Frank Bucholtz/Special to the Aldergrove Star
Time travel and quantum gravity were among the subjects discussed at an in-person gathering of more than two dozen of the world’s top physicists in Vancouver last week.
The conference was organized by the Quantum Gravity Society (QGS), a new Vancouver-based organization. Among its founders is Frank Giustra, a businessman and philanthropist with strong roots in Aldergrove.
Giustra, who graduated from Aldergrove Secondary in 1976 and lived in the community for a number of years, has had an important career in business and finance. He spent a number of years in helping finance the mining industry as a stockbroker, and then went on to play a pivotal role in the founding and growth of Goldcorp. He was also chairman of Lions Gate Entertainment, and is currently president and CEO of Fiore Group of Companies.

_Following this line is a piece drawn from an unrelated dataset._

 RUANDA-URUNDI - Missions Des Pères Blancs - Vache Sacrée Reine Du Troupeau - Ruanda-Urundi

He has set up the Giustra Foundation and with former U.S. president Bill Clinton, established the Clinton Giustra Enterprise partnership, which has been renamed Accesso. It builds social businesses in Latin American countries. Giustra is also involved with the International Crisis Group.
QGS is the latest of the many endeavours he has been involved with. He is among a number of business leaders from the Vancouver area who have formed the society and helped pay for the conference at the Westin Bayshore Inn.

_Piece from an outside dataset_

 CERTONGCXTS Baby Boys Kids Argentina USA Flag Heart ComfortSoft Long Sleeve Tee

The conference featured physicists who are world-renowned, including Nobel prize winners Kip Thorne, an expert on black holes, and Canadian-born James Peebles, a cosmologist. He was involved in development of the Big Bang theory. At the conference, the physicists discussed how to unify the incompatible theories of quantum mechanics and Einsteinian relativity.
These are responsible for most of the equipment that runs the world today, such as electronics, lasers, computers, cell phones and other technologies. Solving this scientific mystery could change understanding of time and gravity and lead to new technologies that could affect how people communicate, grow food, deliver health care, transport people and goods, and produce energy.
The physicists also took part in a photo shoot on Wednesday, Aug. 17, which replicated “the most intelligent picture ever taken.” This 1927 photo featured Einstein, Curie, Schrödinger, Bohr, Planck and other physicists attending the 1927 Solvay Conference on Physics in Brussels.